Но Каролина, вместо прямого ответа, начинала плакать и молиться и в порыве печального неистовства билась головой об стену. Федька с ужасом смотрел на нее, пока не догадывался зарыдать сам… И среди пьяного разгула, среди все более бушевавшей оргии Христос сверху не спускал глаз с этих двух молившихся ему душ: пьяной развратницы и глупого, подобранного на улице звереныша… И когда Каролина утихала, ребенку чудился в глазах ее какой-то особенный свет, точно отражение того света, что широкими ослепительными снопами раскидывался там высоко-высоко наверху, куда рано или поздно Христос возьмет Федьку и где Федька, разумеется, встретит свою болонку!..

По ночам, после того, глупый мальчик долго не мог уснуть.

Широко раскрыв глаза, он смотрел в темноту… Кругом храпели отверженцы общества; со сна лаял Волчок; сверчки назойливо выпевали свои длинные-длинные, однообразные песни, а дрема не давалась Федьке… Настойчиво смотрел он наверх, на этого Божьего Сына, Который любит именно таких брошенных и измученных детей, и Божий Сын серебристыми смутными линиями давал иногда видеть Федьке края своих прозрачных одежд… незримые крылья шуршали тогда в воздухе; он ясно слышал их веяние и сквозь храп, и сквозь пение сверчков, и сквозь тяжелое дыхание упившегося вином Фридриха… Он не только их слышал, – он понимал, что они посланы к нему Христом… еще бы! Ведь они, по словам Каролины, прежде были такими же заброшенными, несчастными, голодными детьми. Их также били, как Федьку; они также плакали, как часто плачет он… Они никому не были родными, и потому Христос стал им родней…

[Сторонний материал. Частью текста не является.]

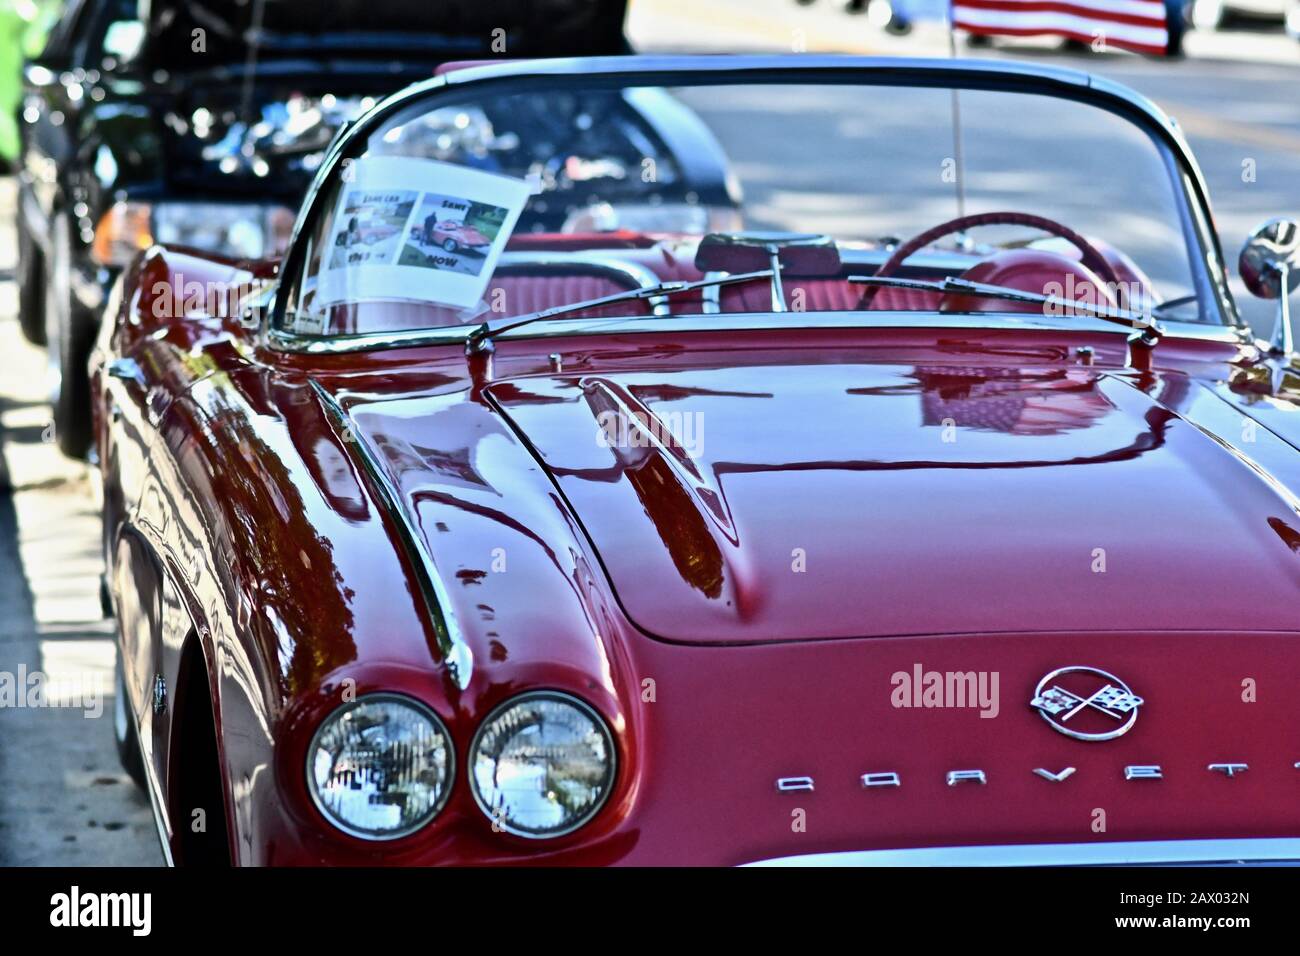 Downers GROVE, STATI UNITI - Giu 07, 2019: Una vecchia vettura Corvette rossa nel parcheggio di Downers Grove, Stati Uniti Foto Stock

– Христос, Христос, возьми меня скорее к Себе! – шептал бедный мальчик, усиливаясь не проронить, в однообразном шуме подвала, ни одного взмаха этих нежных, незримых крыльев…

И действительно, Христос полюбил глупого Федьку… Разумеется, Федька не стал бы рассказывать, но он имел случай убедиться в этом.

Каролина, пьяная, как-то сообщила мальчику, что кровь, вытекавшая из рук и из ног распятого Христа, не пропала даром. Когда чьи-либо страдания становятся невыносимыми, стоит только попросить у Христа, чтобы Он брызнул на мученика каплею этой крови – и ему сделается легко и радостно на сердце, и не почувствует он боли, хотя бы его прокалывали раскаленными иглами, бросали зверям на съедение, резали на куски… Именно вскоре после этого, ошалевший от побоев той же Каролины, только трезвой, мальчик бежал из подвала. Алексей его поймал и привел назад… Фридрих систематически, мерно, равнодушно стал наказывать Федьку, не ускоряя ударов, не трогаясь его криками. Череп мальчика, казалось, готов был лопнуть, кости его трещали, кровь проступала сквозь синюю кожу изболевшего тела, с незаживающими еще старыми рубцами… Вокруг глаз будто жгли раскаленными углями, во рту высохло, язык болтался как сухая тряпка; кричать уже не хватало силы, а крик был нужен, иначе Федька задохся бы – так расширялась его худая, впалая грудь… И вдруг ему вспомнился рассказ Каролины… как-то бессознательно, разом вспомнился, и он хотел сказать, но только подумал: «Христос, Христос! Брось на меня хоть каплю Своей крови!..»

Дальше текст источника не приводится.